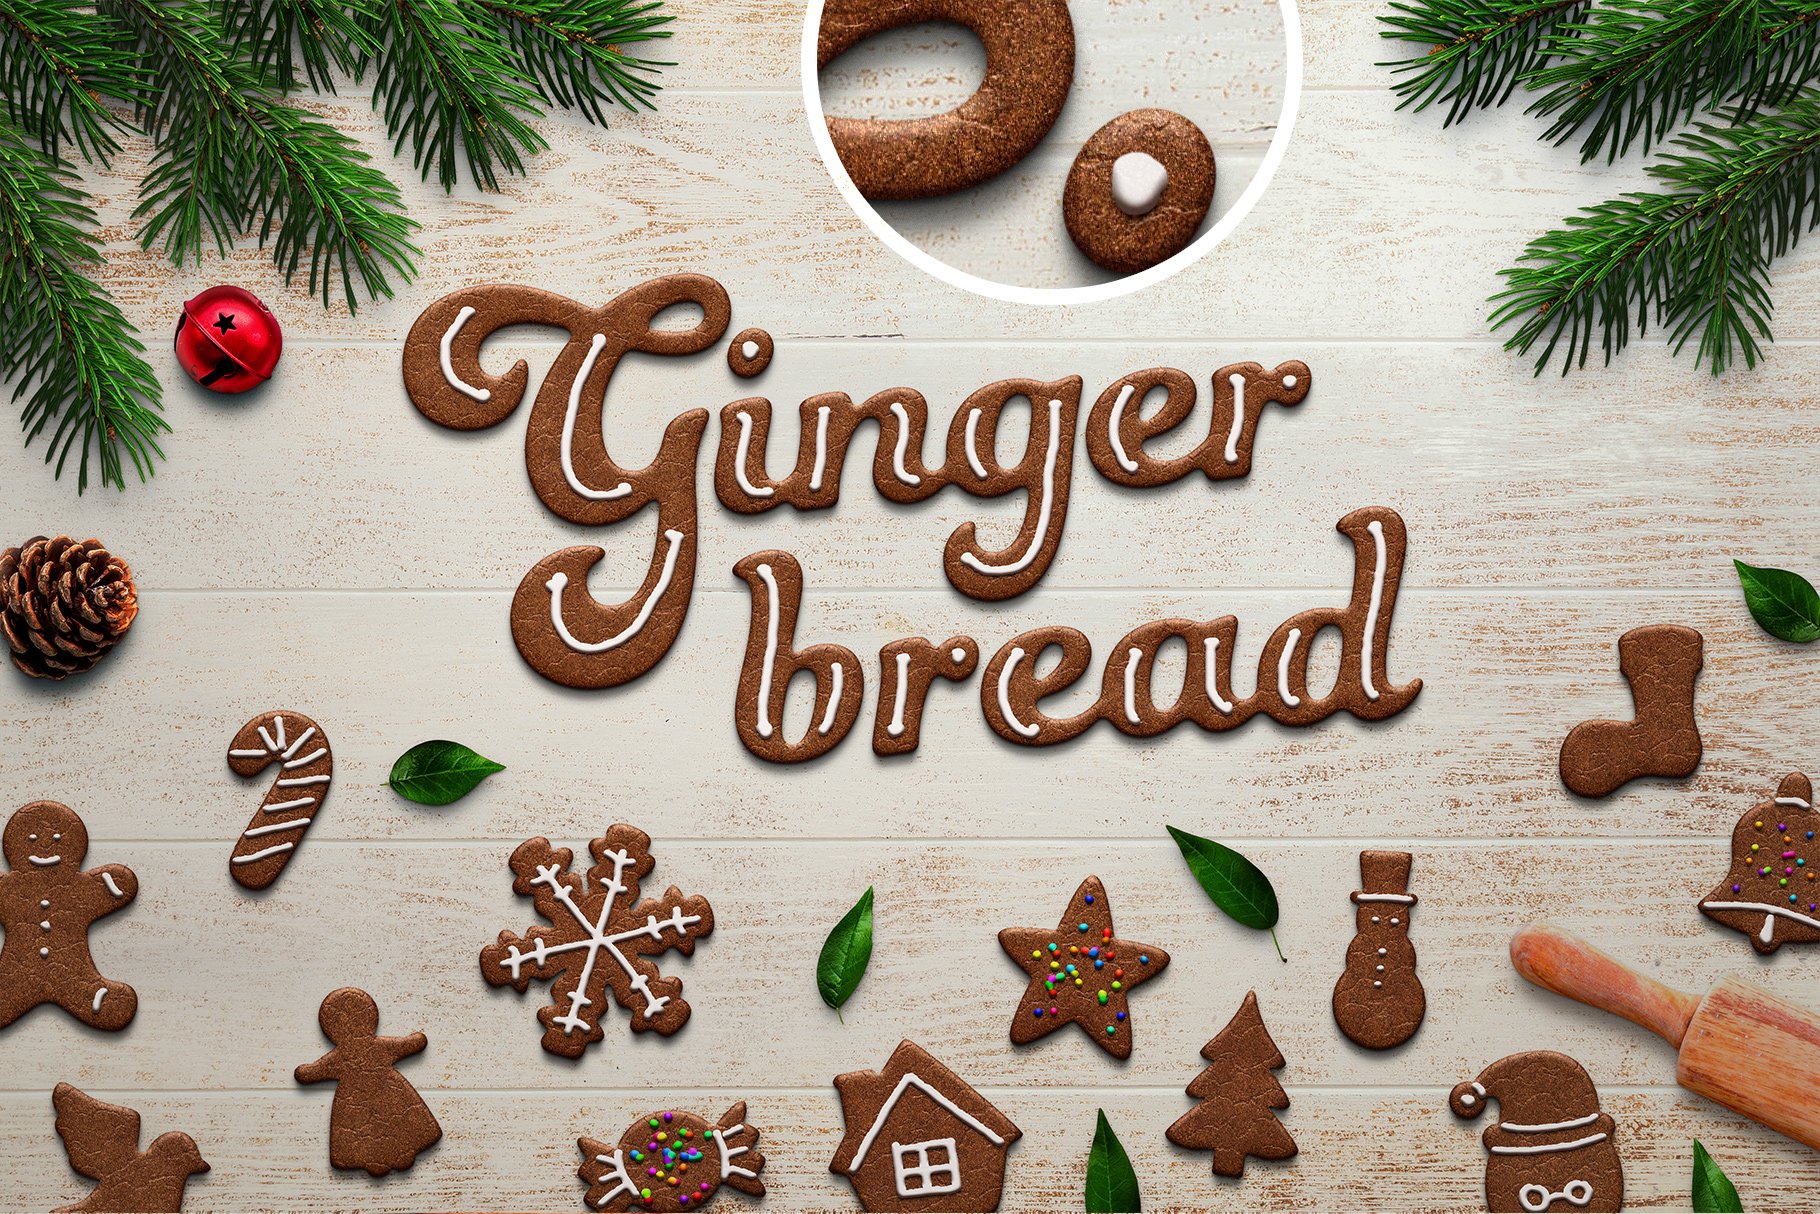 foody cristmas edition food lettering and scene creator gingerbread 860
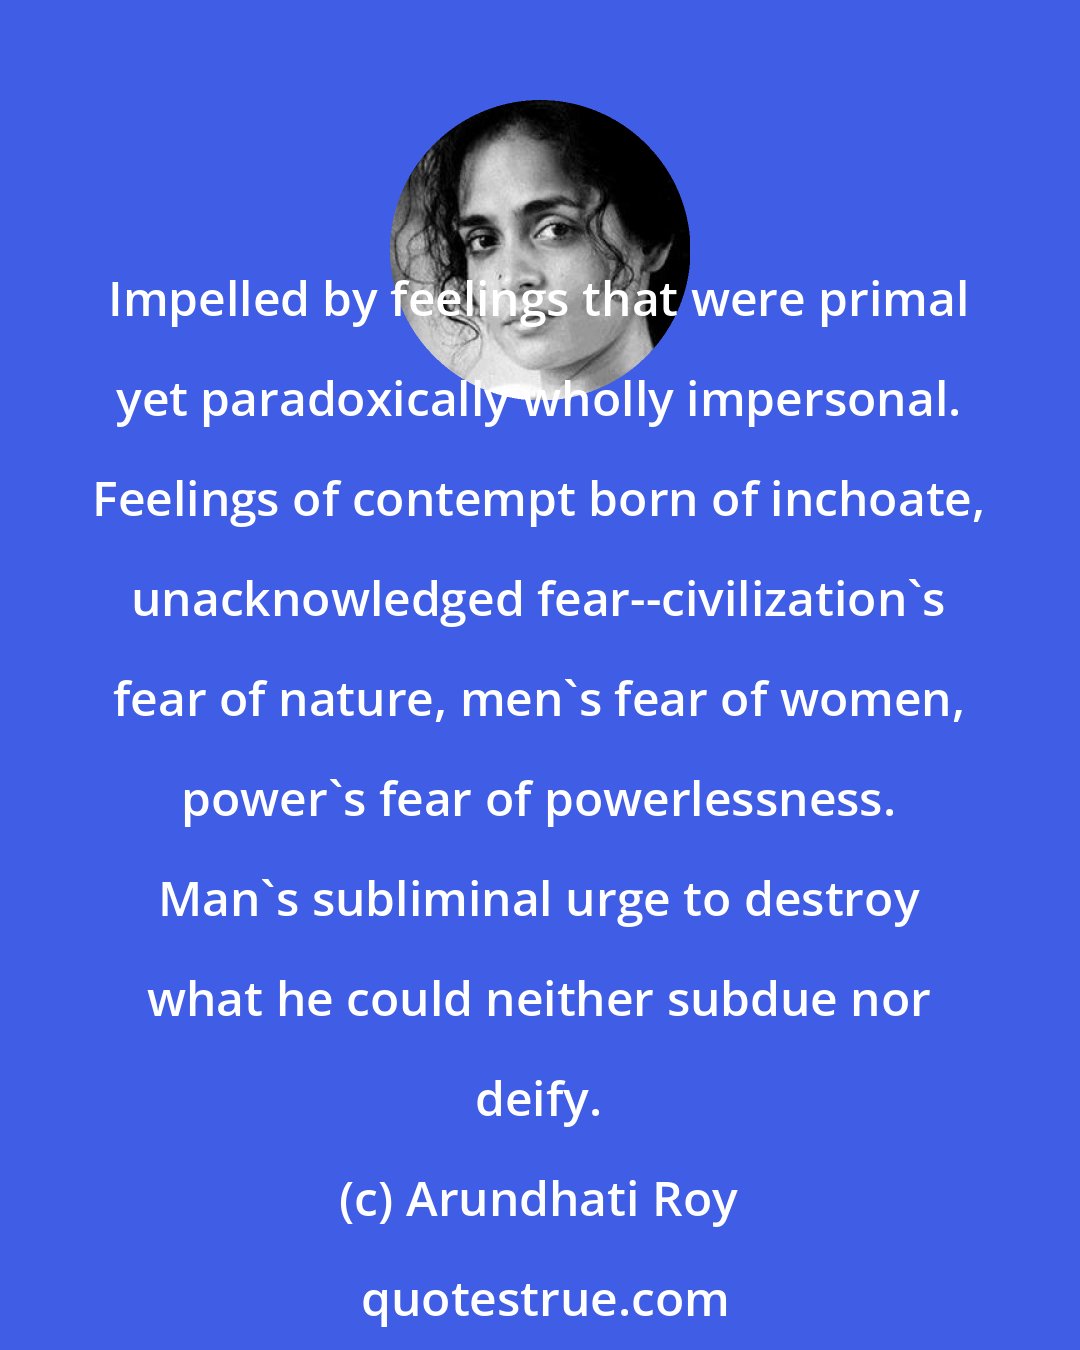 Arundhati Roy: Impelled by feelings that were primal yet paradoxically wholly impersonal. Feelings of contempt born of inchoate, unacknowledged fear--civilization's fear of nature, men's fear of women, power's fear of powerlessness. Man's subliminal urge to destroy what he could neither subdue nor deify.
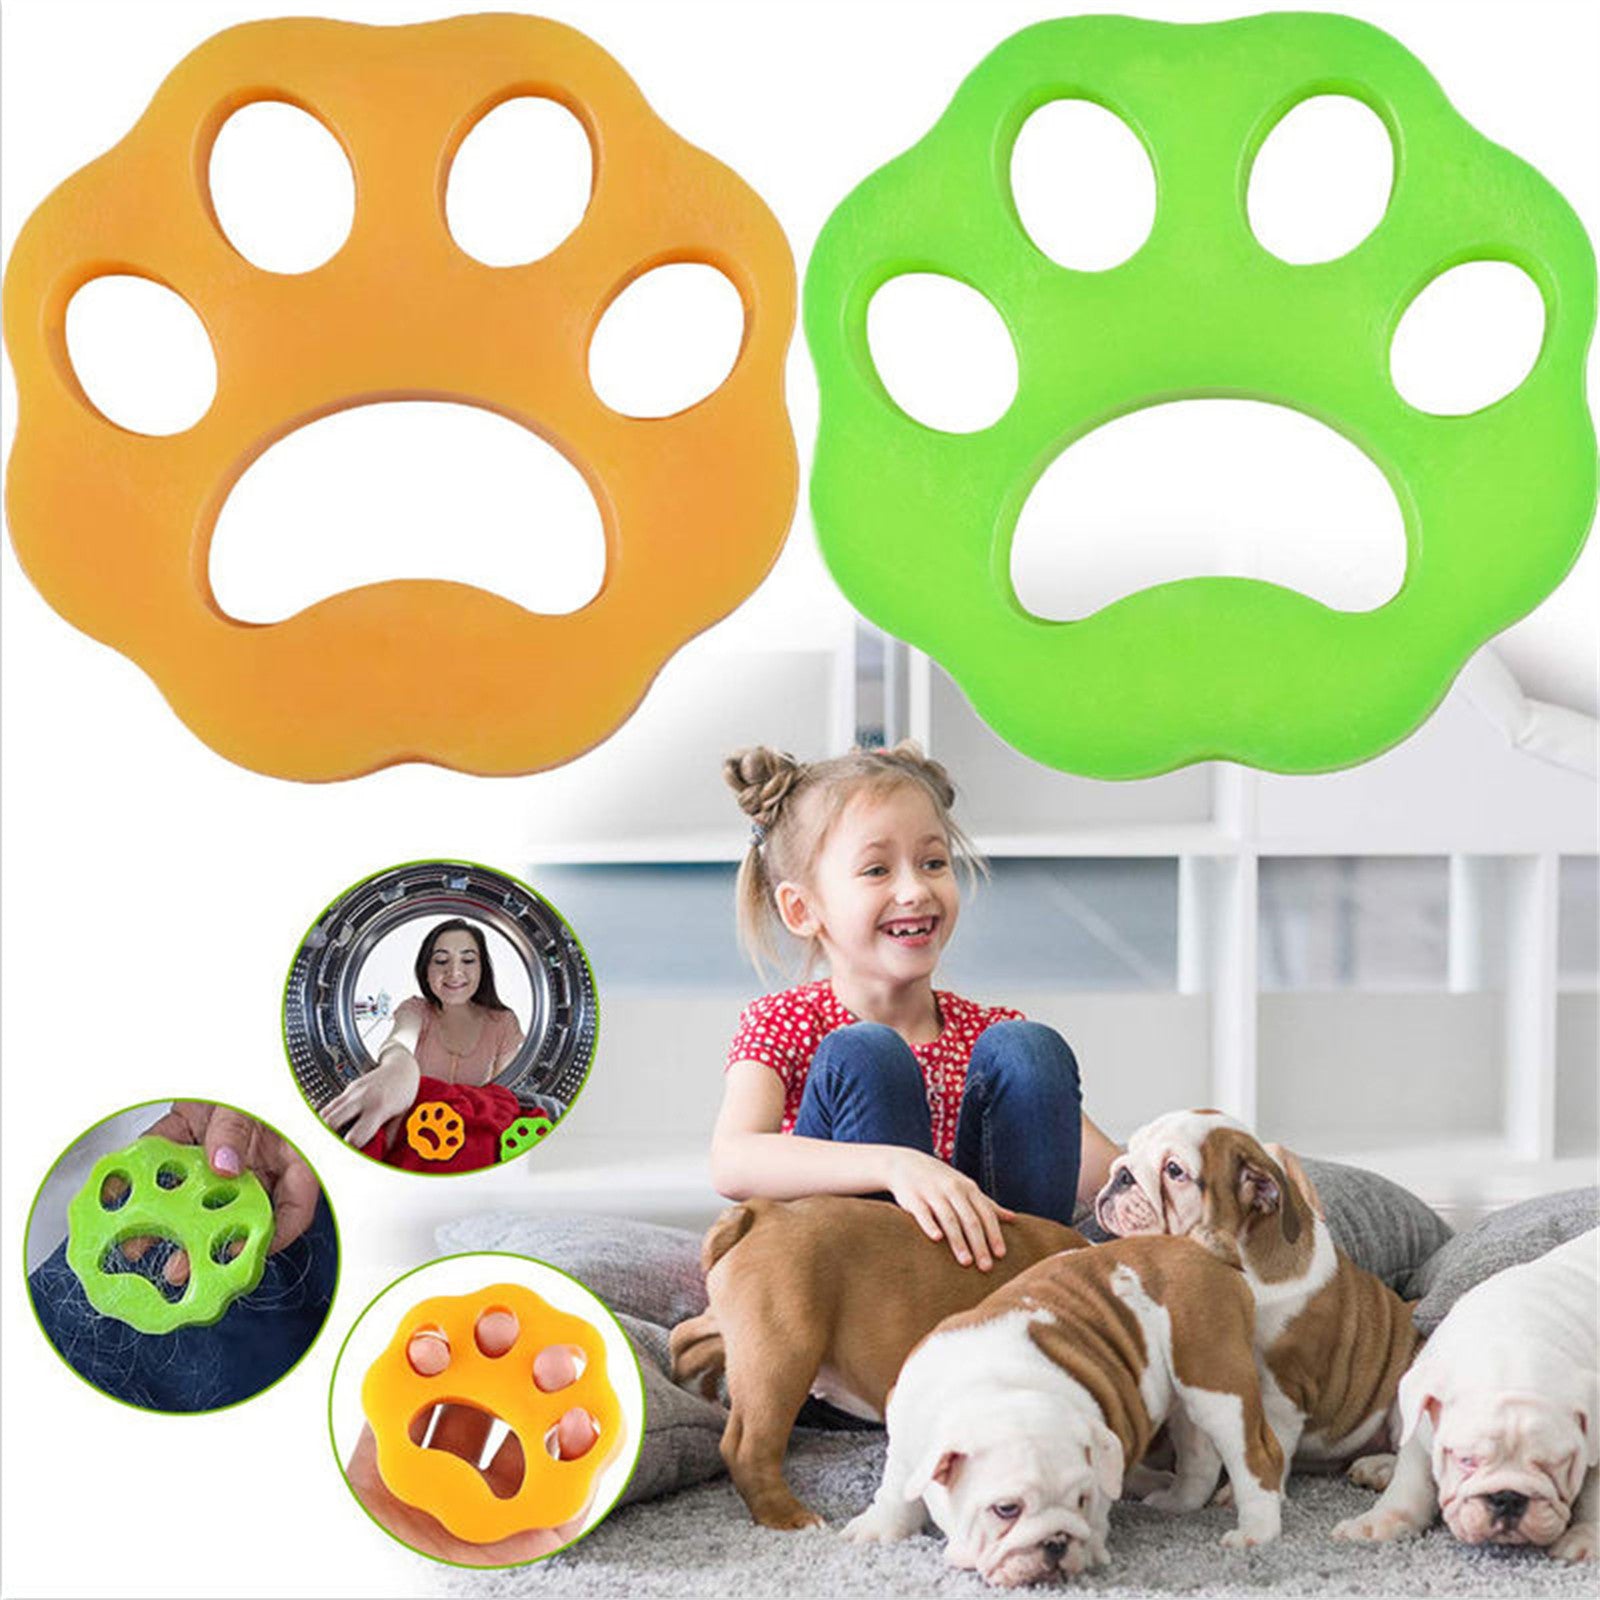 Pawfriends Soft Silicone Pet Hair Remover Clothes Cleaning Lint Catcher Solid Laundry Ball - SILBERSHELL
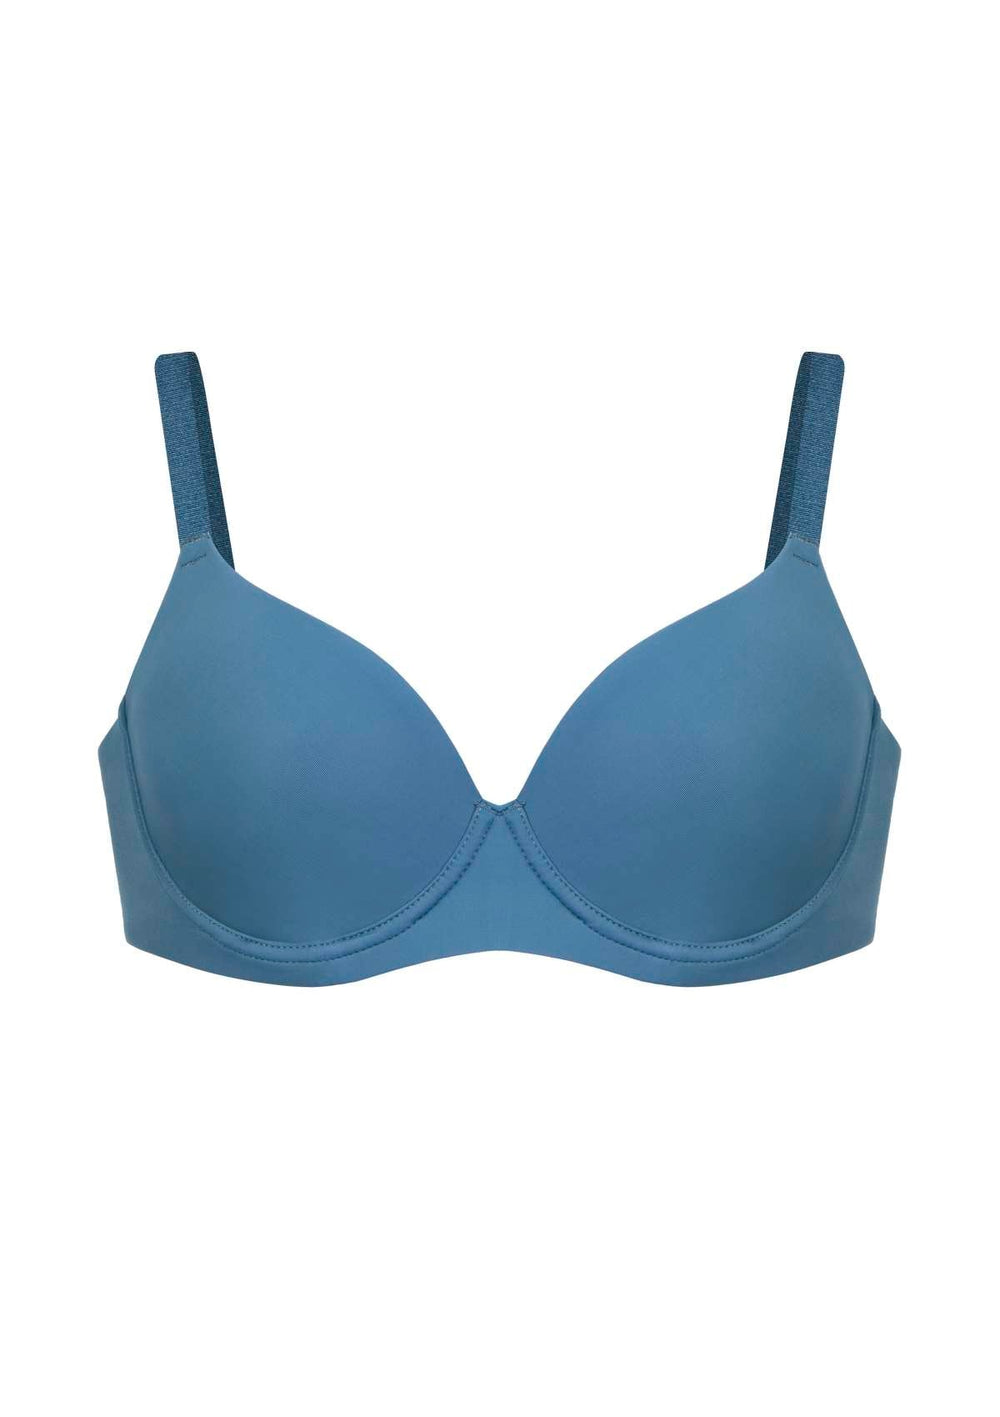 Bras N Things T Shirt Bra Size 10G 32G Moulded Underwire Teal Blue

* Problem description:
Would you return the material above exactly, apart from its pictures?

* Result of the exercise:
 foody cristmas edition food lettering and scene creator gingerbread 860
 Arundhati Roy: Impelled by feelings that were primal yet paradoxically wholly impersonal. Feelings of contempt born of inchoate, unacknowledged fear--civilization's fear of nature, men's fear of women, power's fear of powerlessness. Man's subliminal urge to destroy what he could neither subdue nor deify.
 Pawfriends Soft Silicone Pet Hair Remover Clothes Cleaning Lint Catcher Solid Laundry Ball - SILBERSHELL
 Bras N Things T Shirt Bra Size 10G 32G Moulded Underwire Teal Blue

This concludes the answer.